Data excerpt:
● ● ●
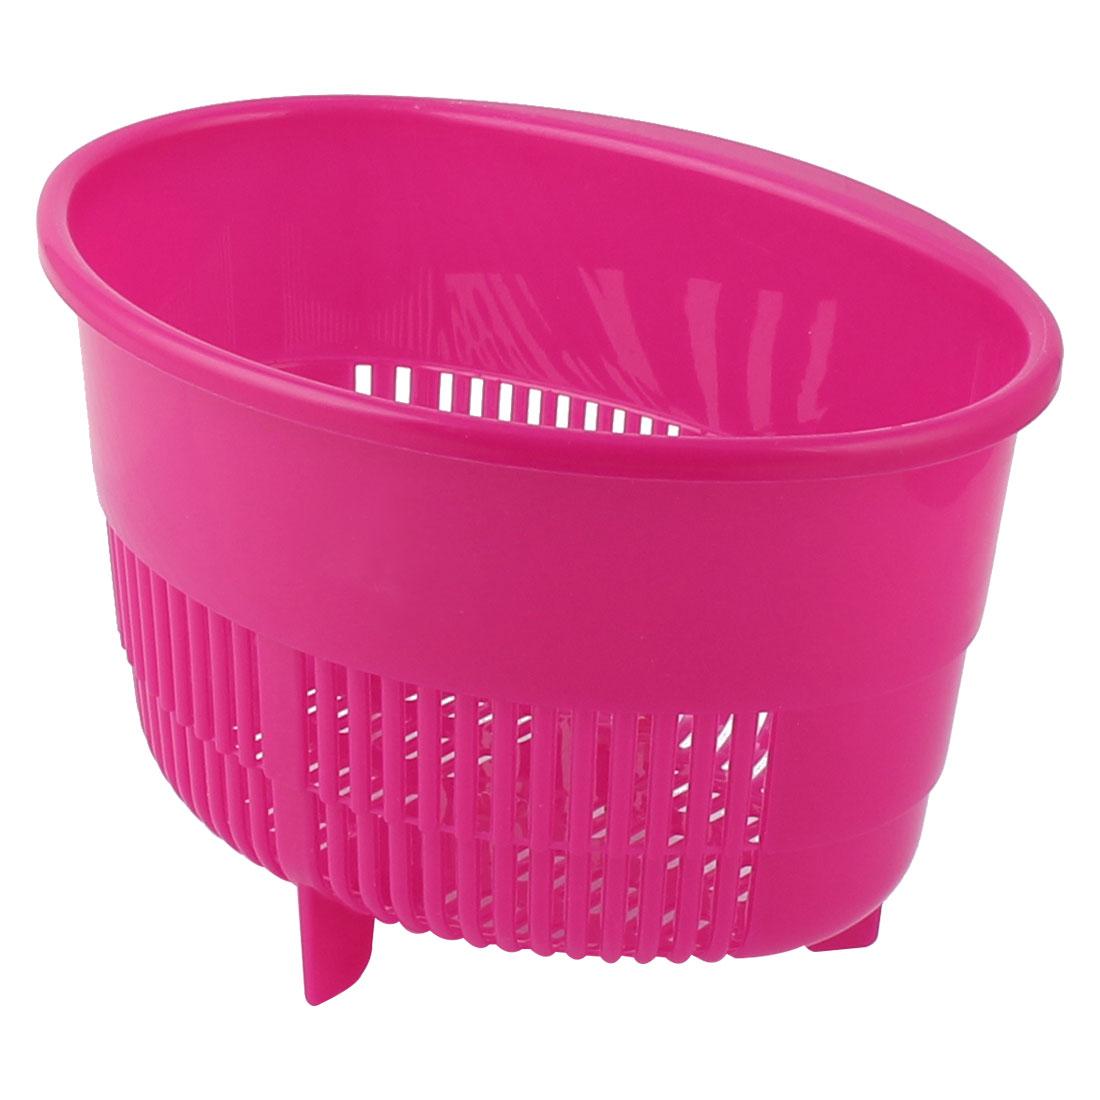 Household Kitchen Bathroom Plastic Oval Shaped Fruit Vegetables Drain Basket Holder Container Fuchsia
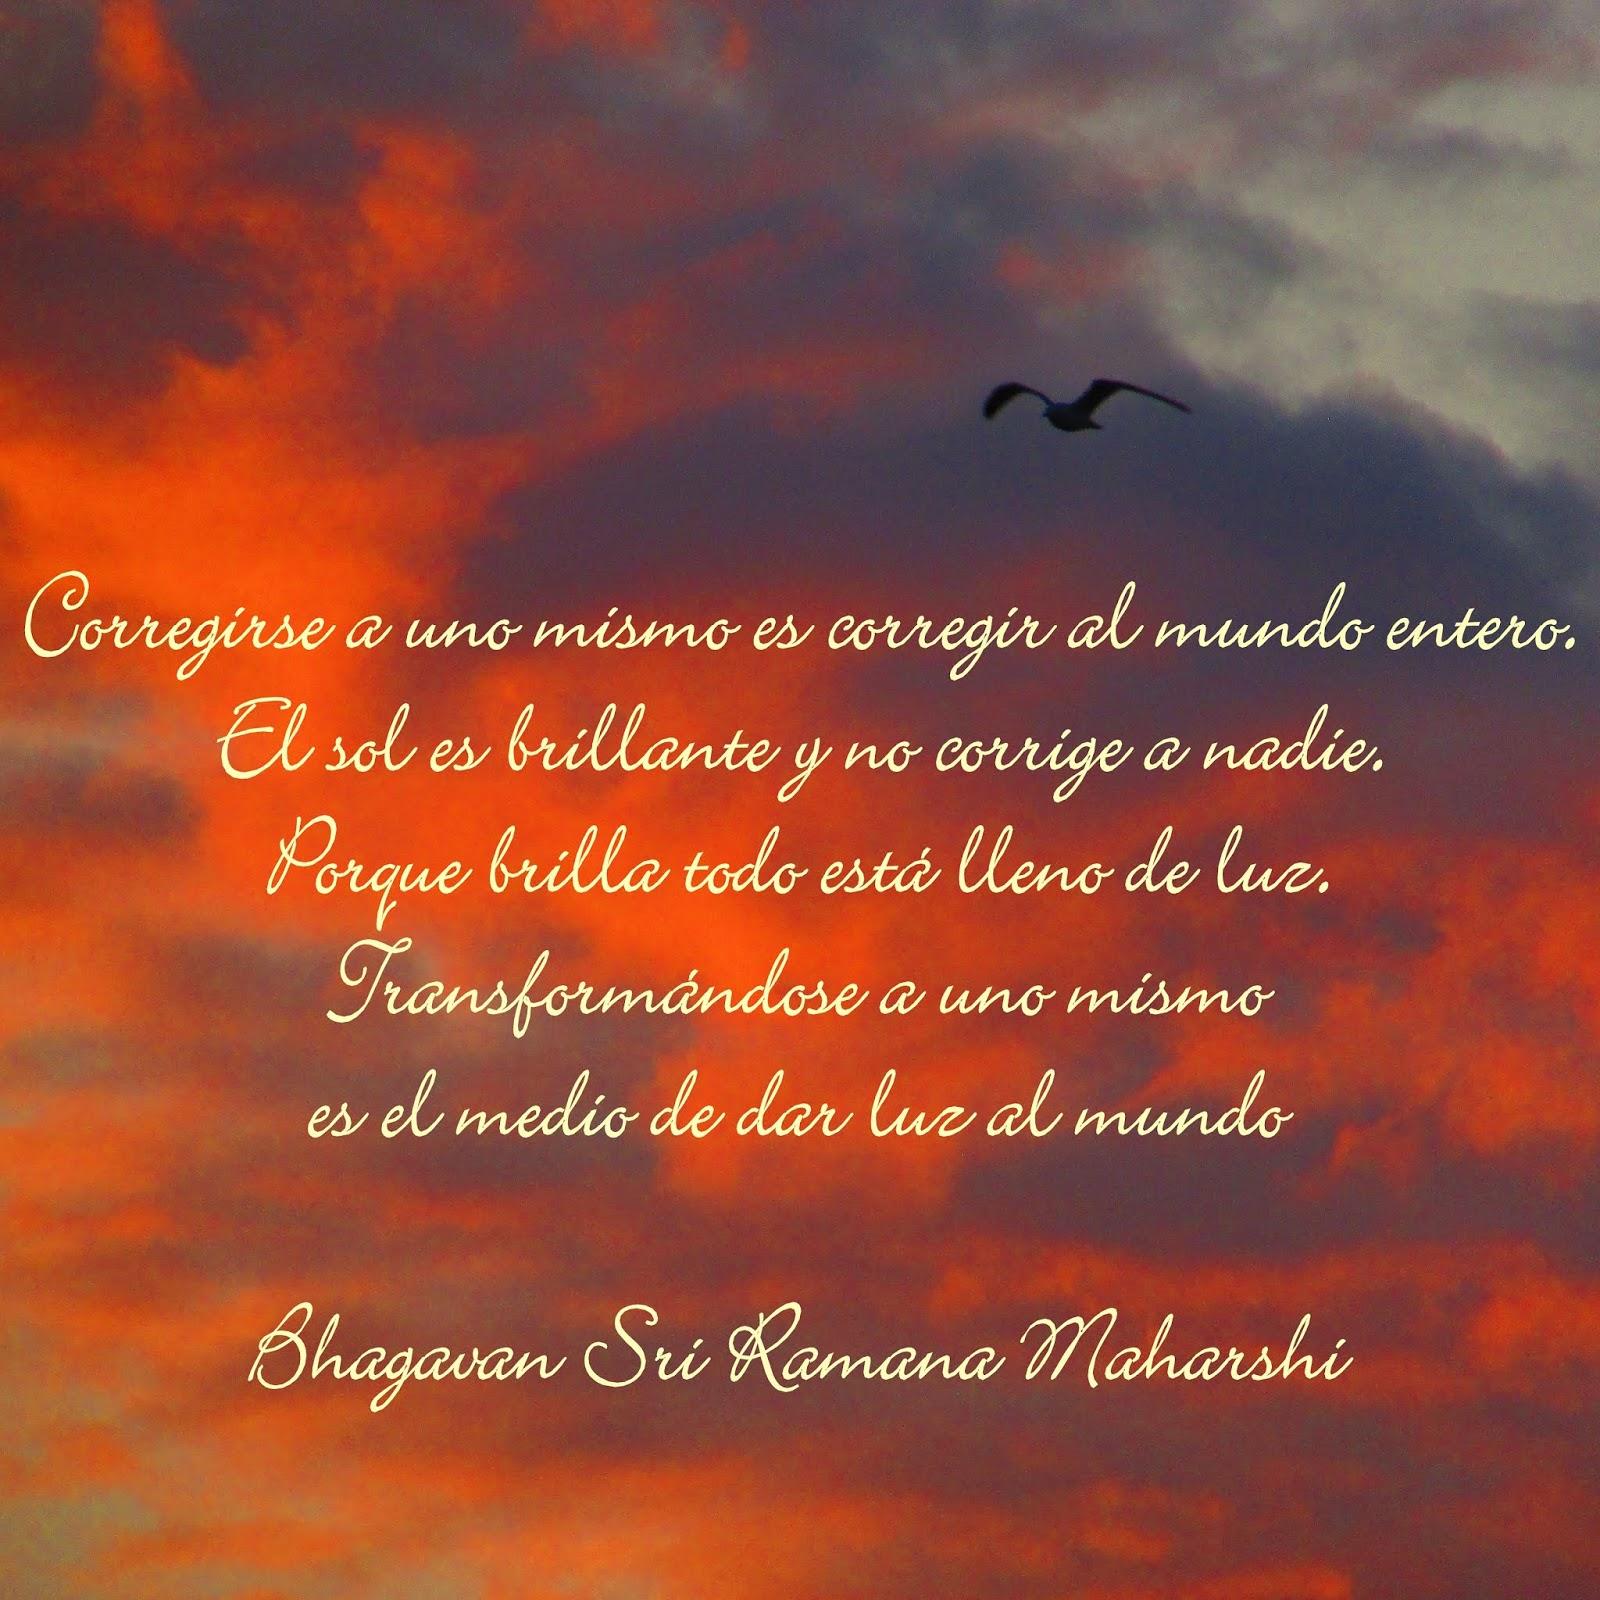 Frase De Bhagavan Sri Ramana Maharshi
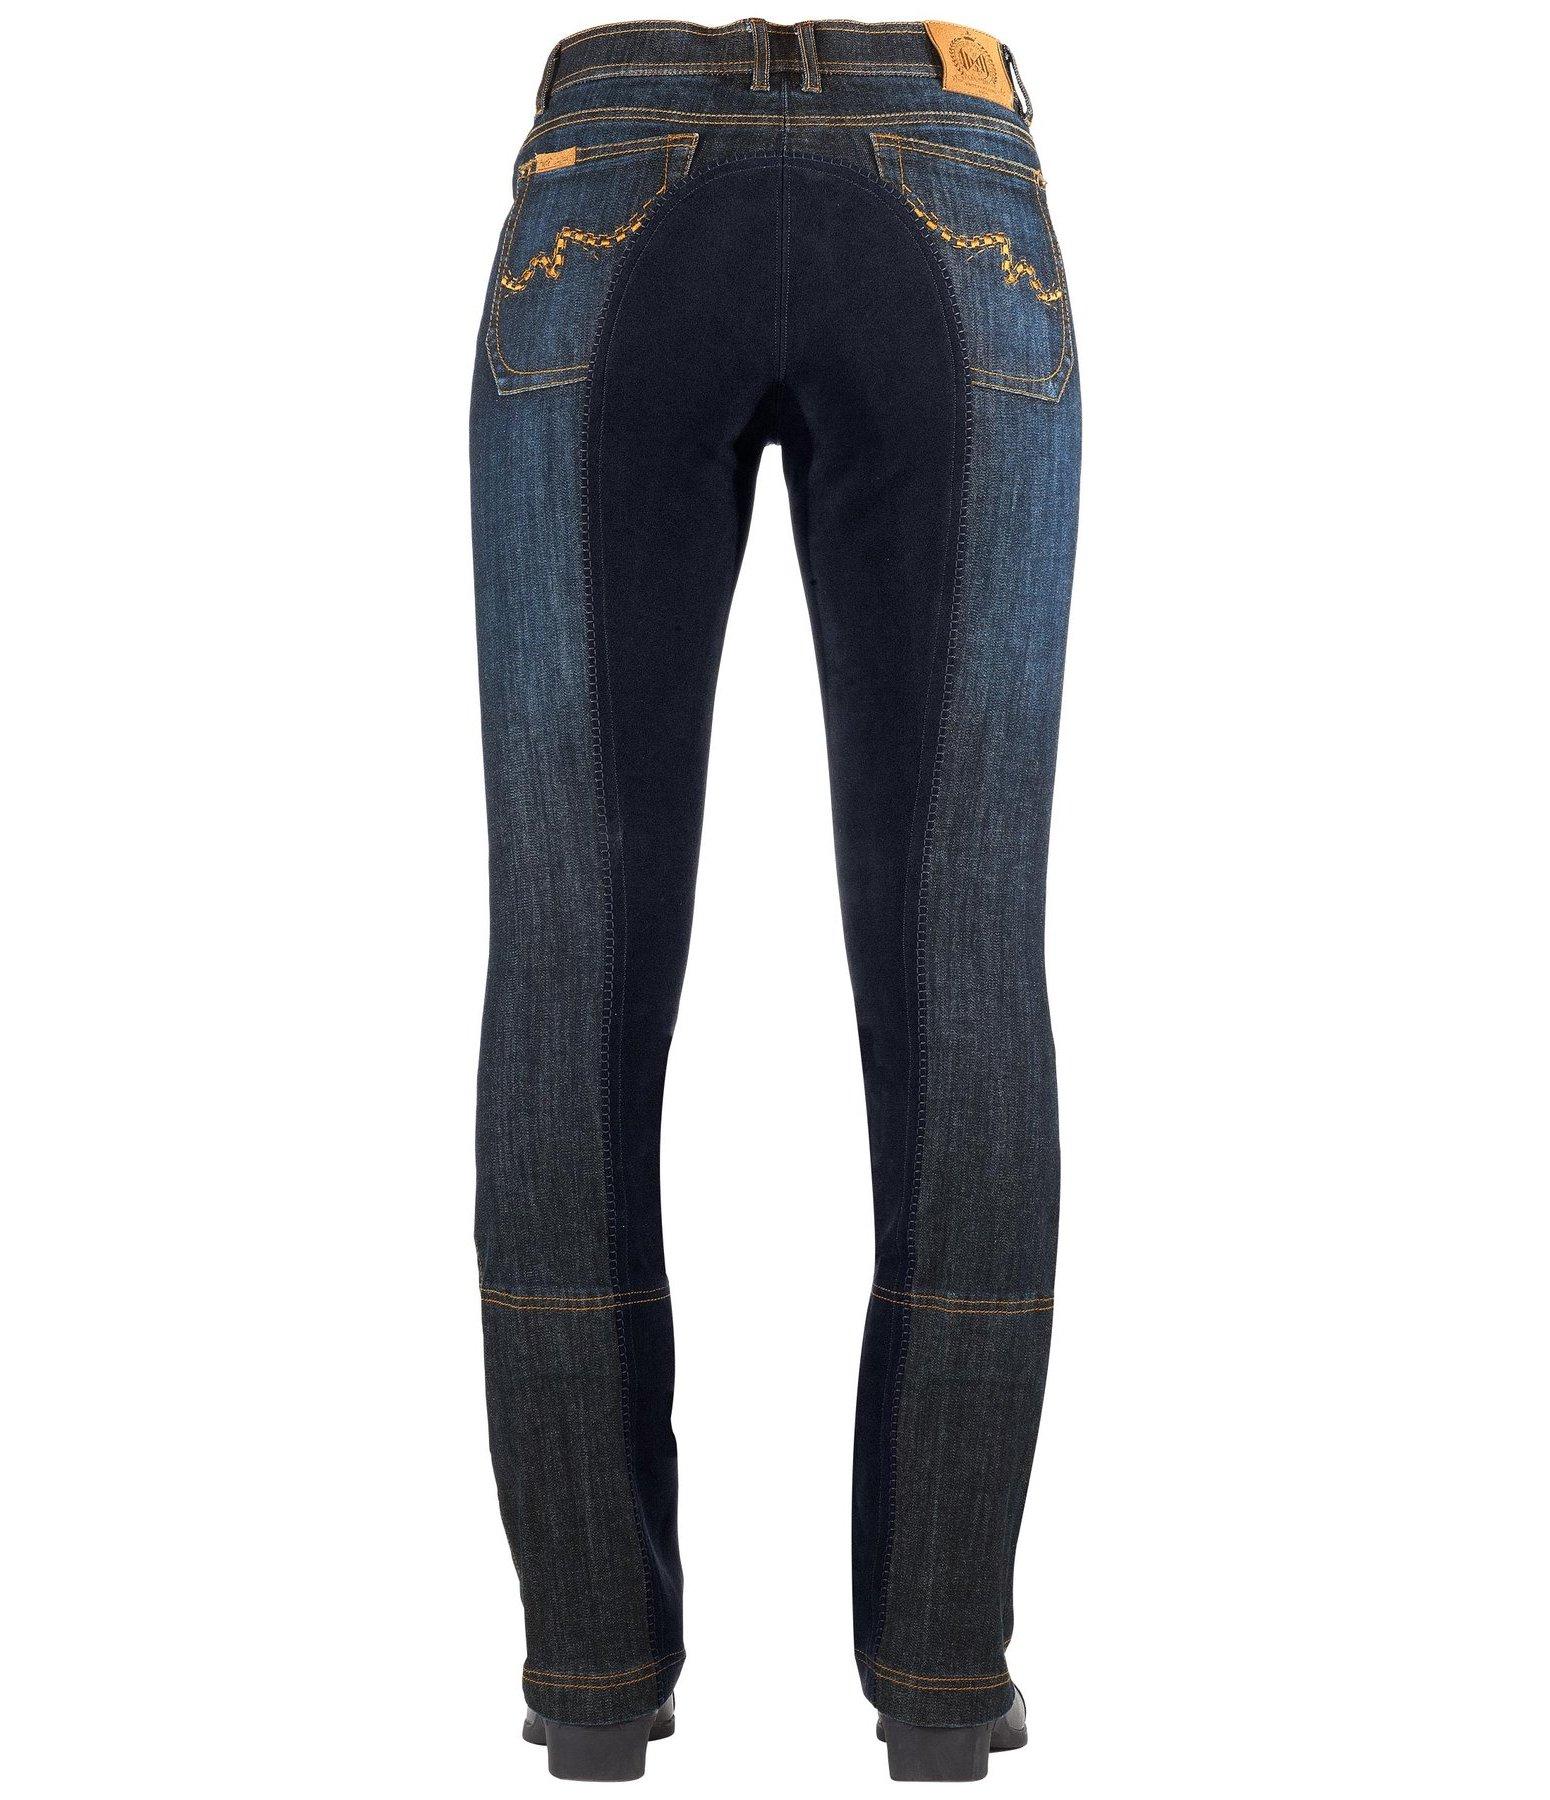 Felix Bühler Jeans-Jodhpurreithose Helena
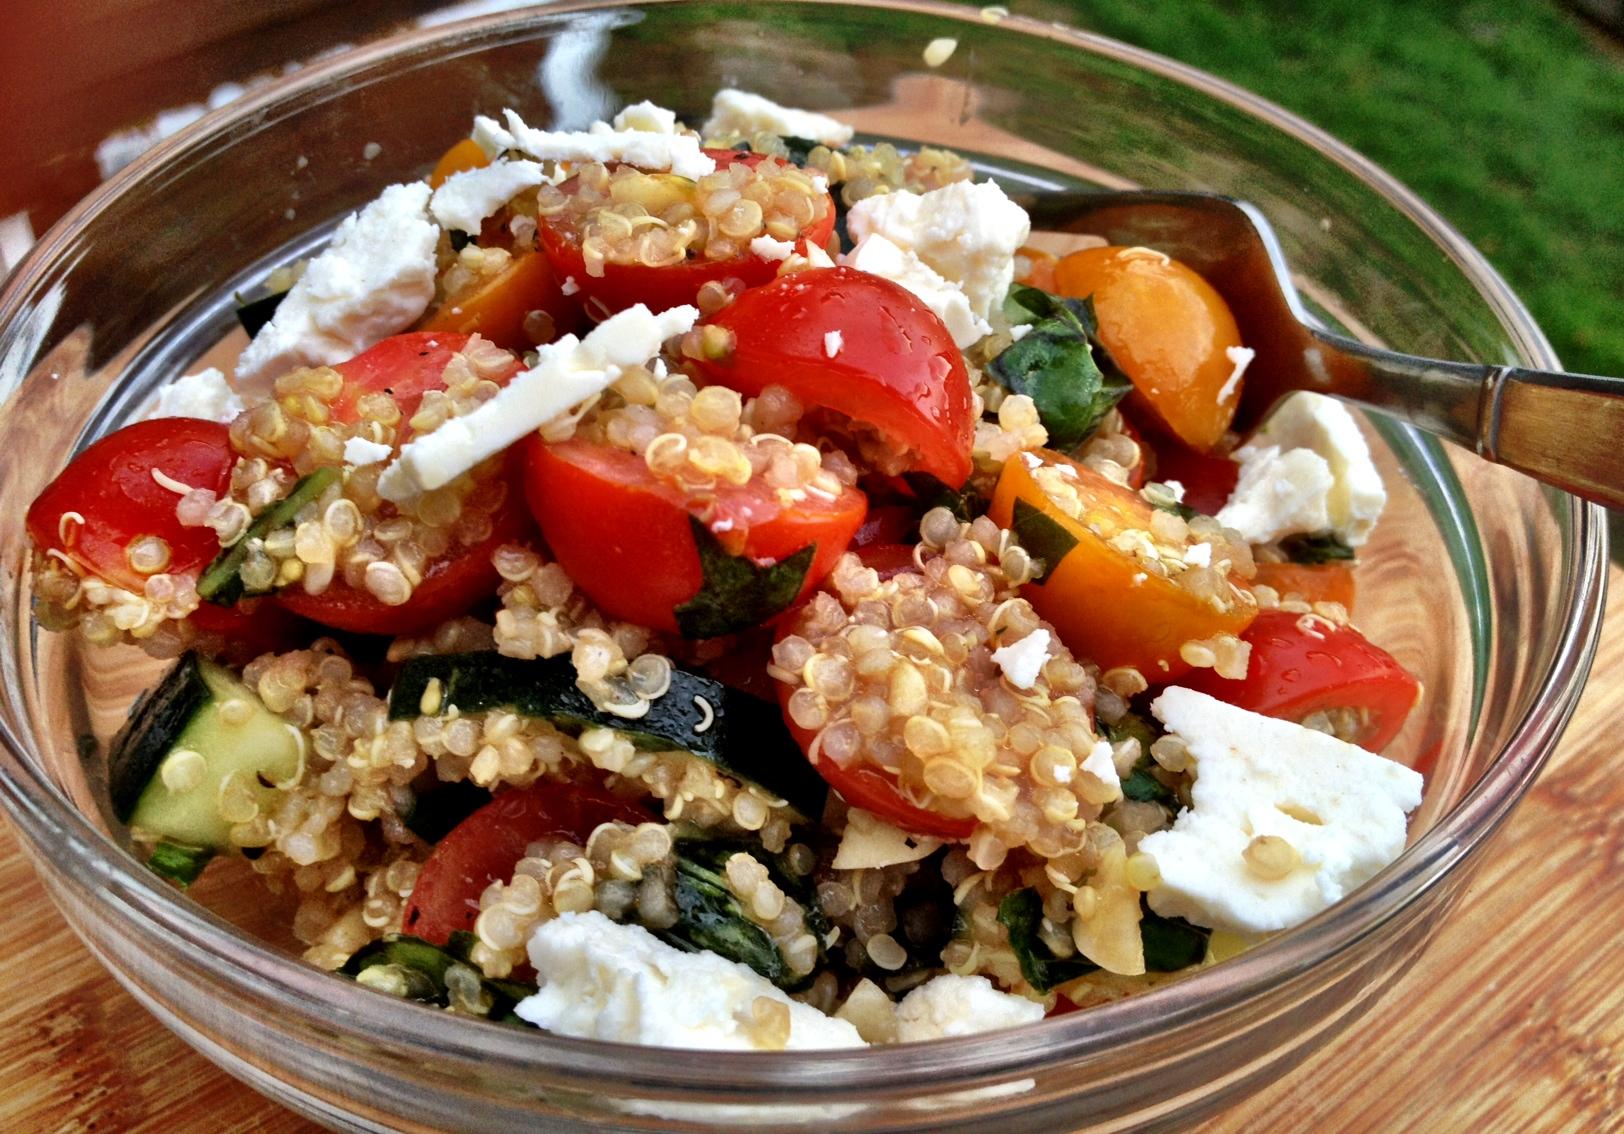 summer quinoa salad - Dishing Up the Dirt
● ● ●
What you have to do: Set down all the material exactly once more. No pictures.

Exercise answer:
 Household Kitchen Bathroom Plastic Oval Shaped Fruit Vegetables Drain Basket Holder Container Fuchsia
 Frase De Bhagavan Sri Ramana Maharshi
 Felix Bühler Jeans-Jodhpurreithose Helena
 summer quinoa salad - Dishing Up the Dirt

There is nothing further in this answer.